Except that Terry didn’t want it to end cowering in a hole he’d scraped from reluctant ground as a desolate refuge. He didn’t want his life to end in bleak perversity. It wasn’t right or natural and there were things he hadn’t done. Absurdly, he thought then of the pet project that had brought
him there; the children’s book he hadn’t written and might now never get the opportunity to write. It was a shame. It would have been affecting and entertaining and would have done some residual good.
He heard a sound then. Someone or something was singing. The singer’s voice was a moan of grief, coarse and inhuman. He recognised the song as the volume of the singing strengthened steadily with the singer’s approach. He held his breath. He rippled with gooseflesh as proud on his skin as brail.
It was a song Kate Rusby sang. It was Who Will Sing Me Lullabies. He knew it because his daughter played the album from which it came sometimes in her car. Sweet, obliging Daisy, who’d happily pick her dad up from the pub when he’d had one over the eight and chauffeur him back to his comfy suburban home. And half-cut in the passenger seat, Terry, who’d always behaved as Freddie in his daughter’s presence, would hum along to its infectious, folky melodies.
Terry Conway swallowed terror, trying to regulate the lurching thump of his heart. Silently, he mouthed a prayer to a God he hadn’t thus troubled since his childhood. He’d prayed often for relief from the boys who’d bullied him daily then, but his pleas had gone unanswered.

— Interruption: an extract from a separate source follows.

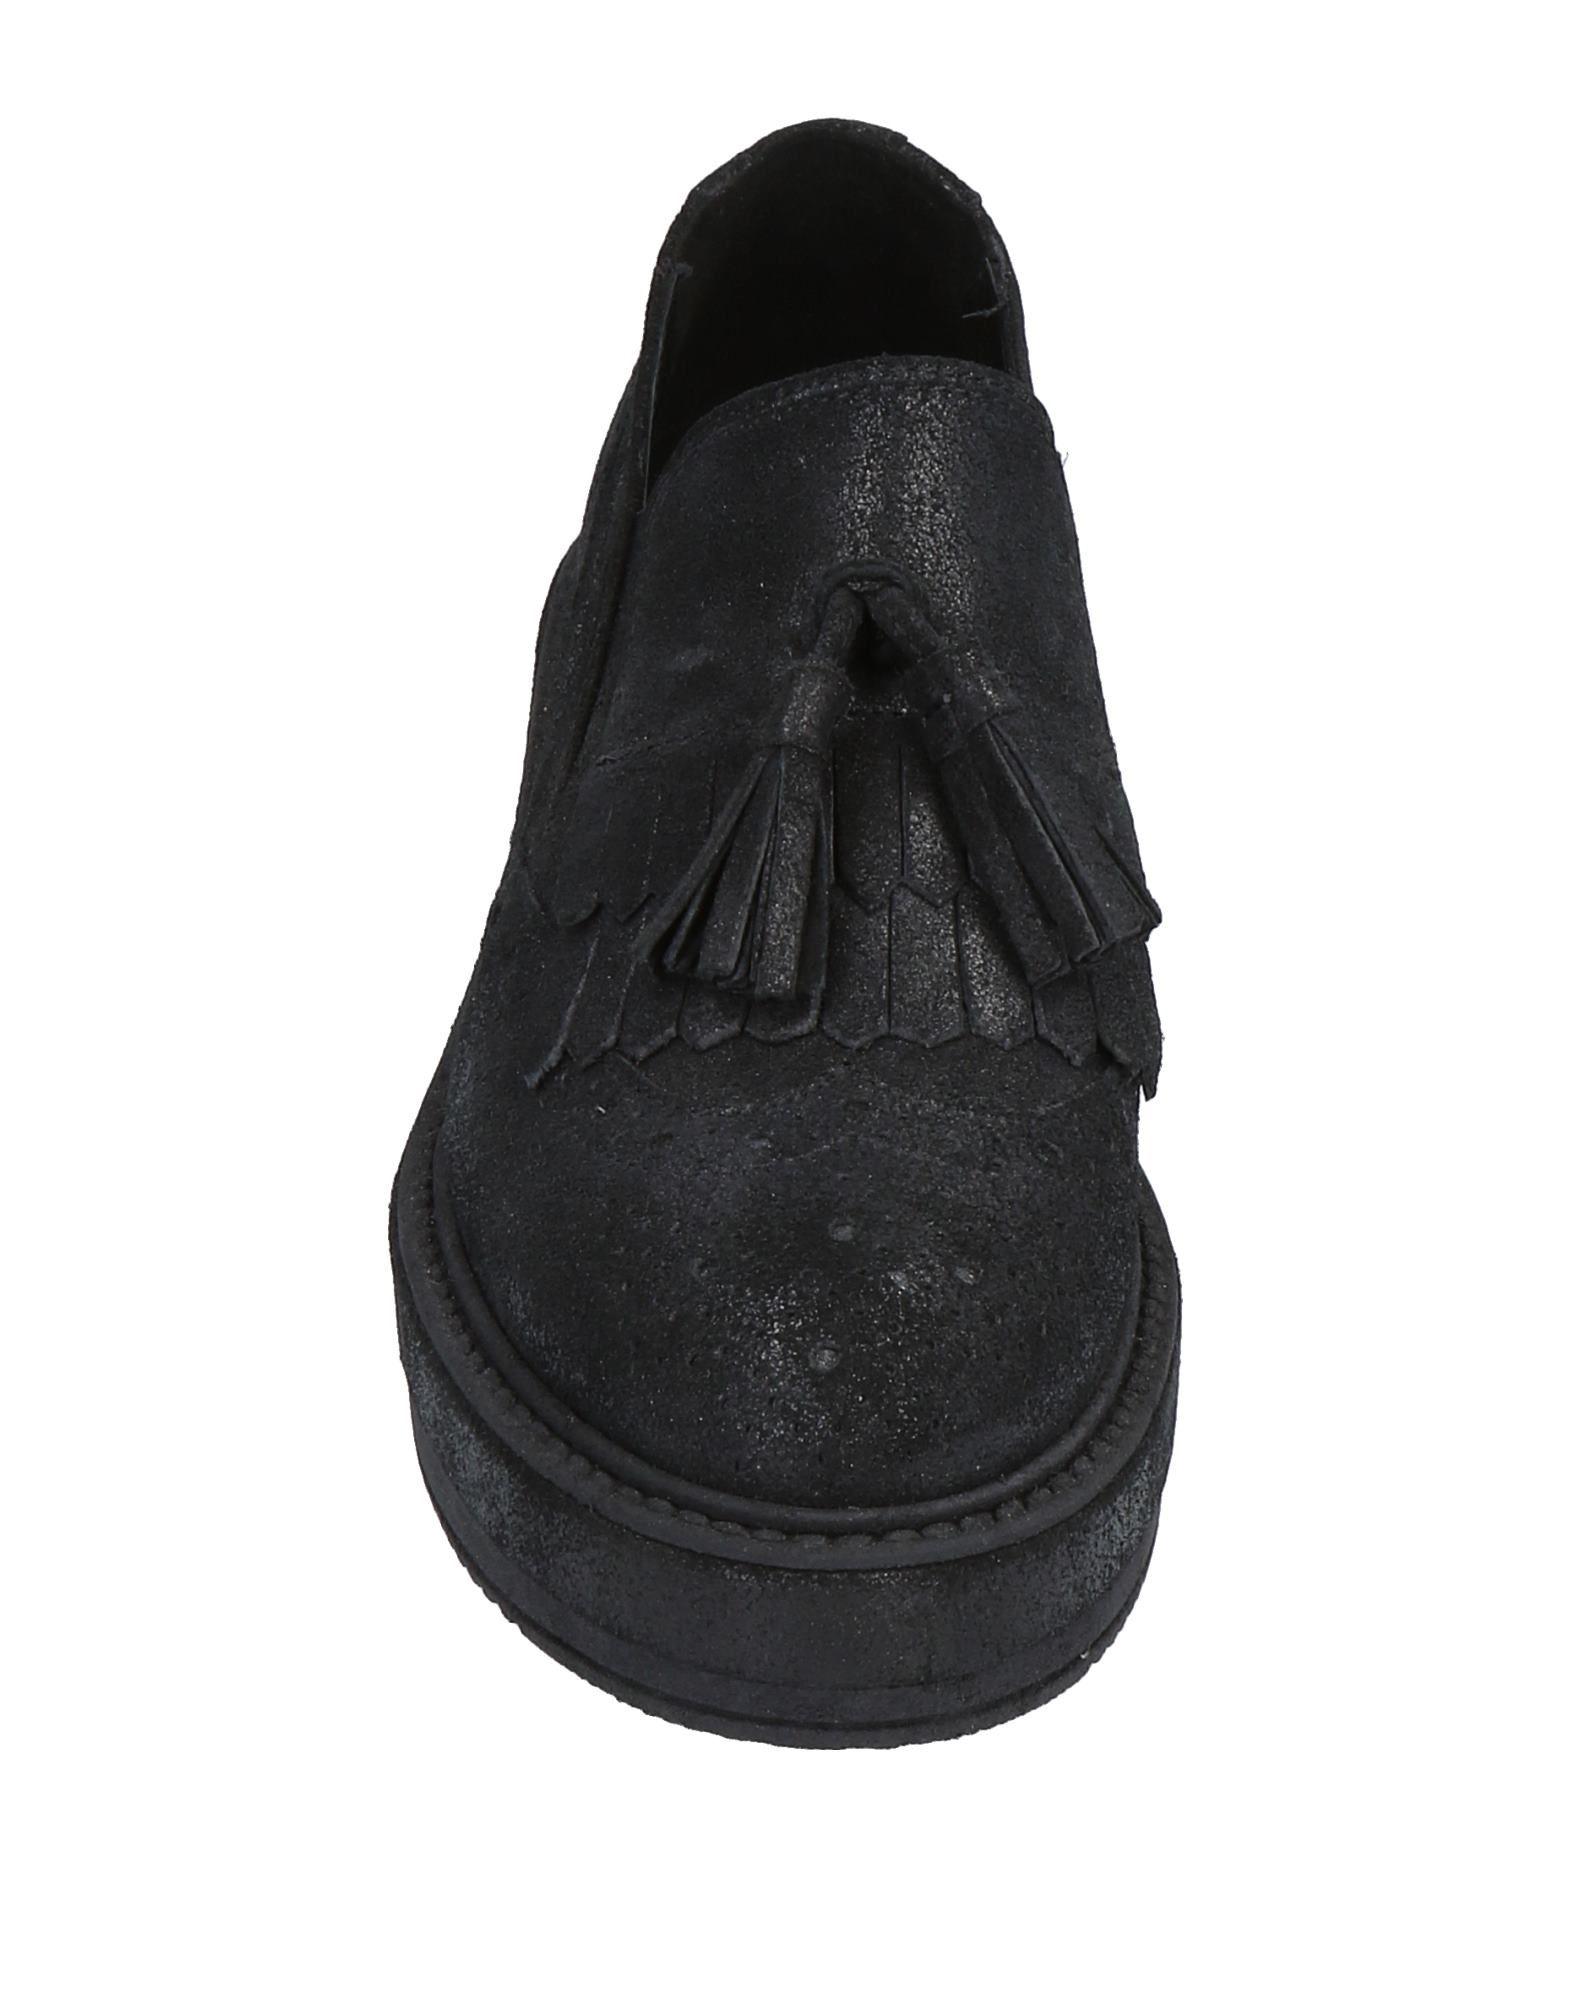 Peperosa 11473237DT Mokassins Damen  11473237DT Peperosa Gute Qualität beliebte Schuhe ec67b6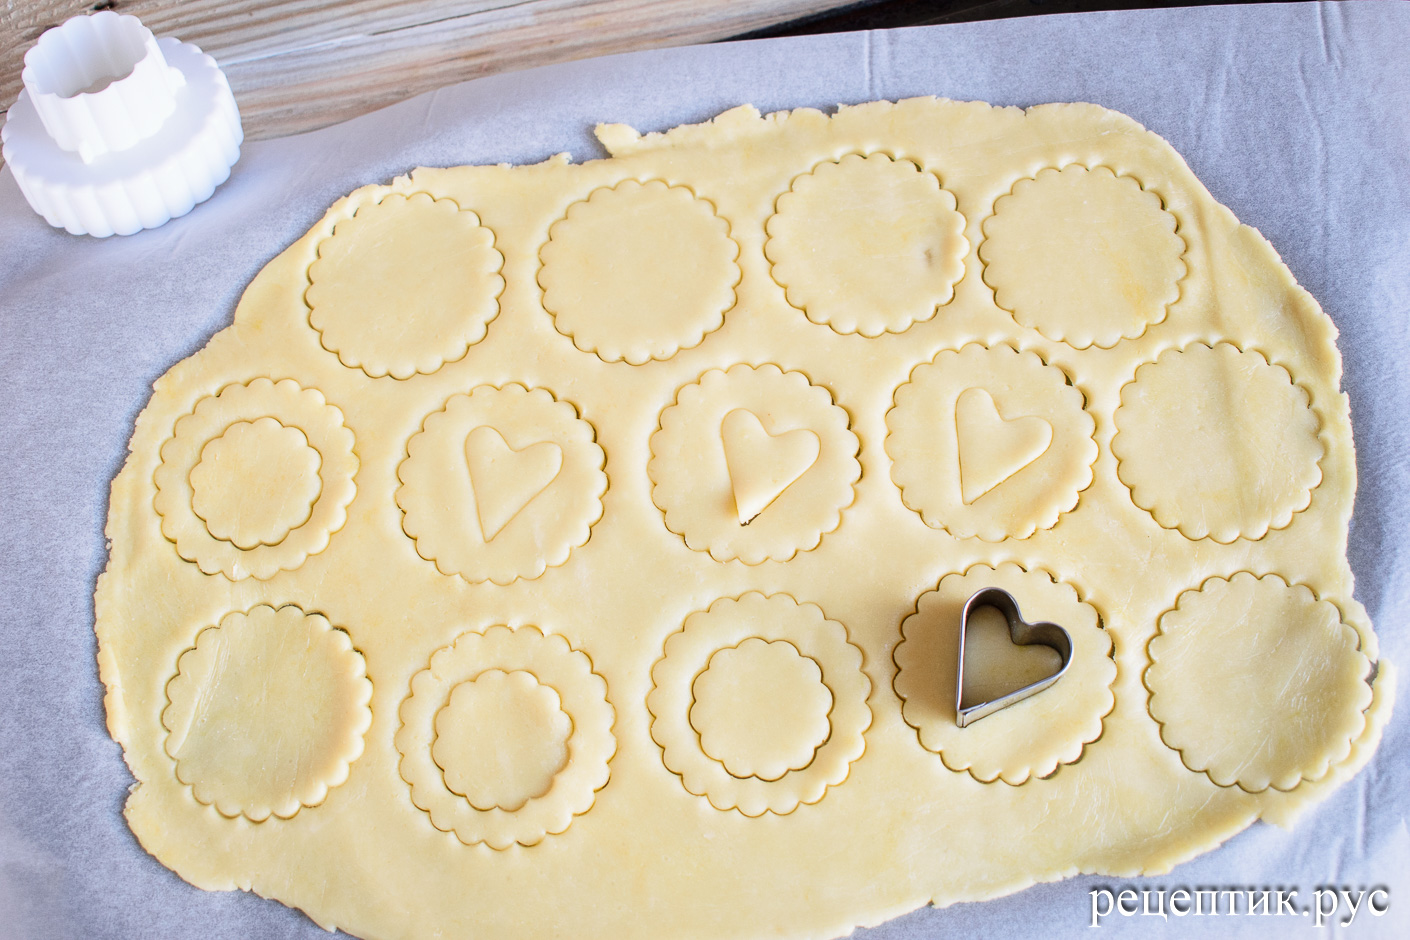 Линцерское печенье - рецепт с фото, шаг 6

Ruthie got to the Spyglass ten minutes early so she could smoke without incurring that look from Nick McClain that asked why someone with so much to live for appeared so intent on committing voluntary euthanasia. She was quite good at handling emotional responses but didn’t welcome pity. She had resisted any temptation to go to the dogs in the afternoon. She’d had just the one glass of wine and then napped for an hour and felt sufficiently rejuvenated on waking on her sitting room sofa to write 500 pretty good words as late afternoon crept into early evening.
He arrived wearing a pale blue suit she thought probably less expensive than it appeared. He was sufficiently well put together to make it seem bespoke, when it was more likely off the peg. Men with good bodies could work that sartorial trick. He also had on just a bit too much Polo aftershave.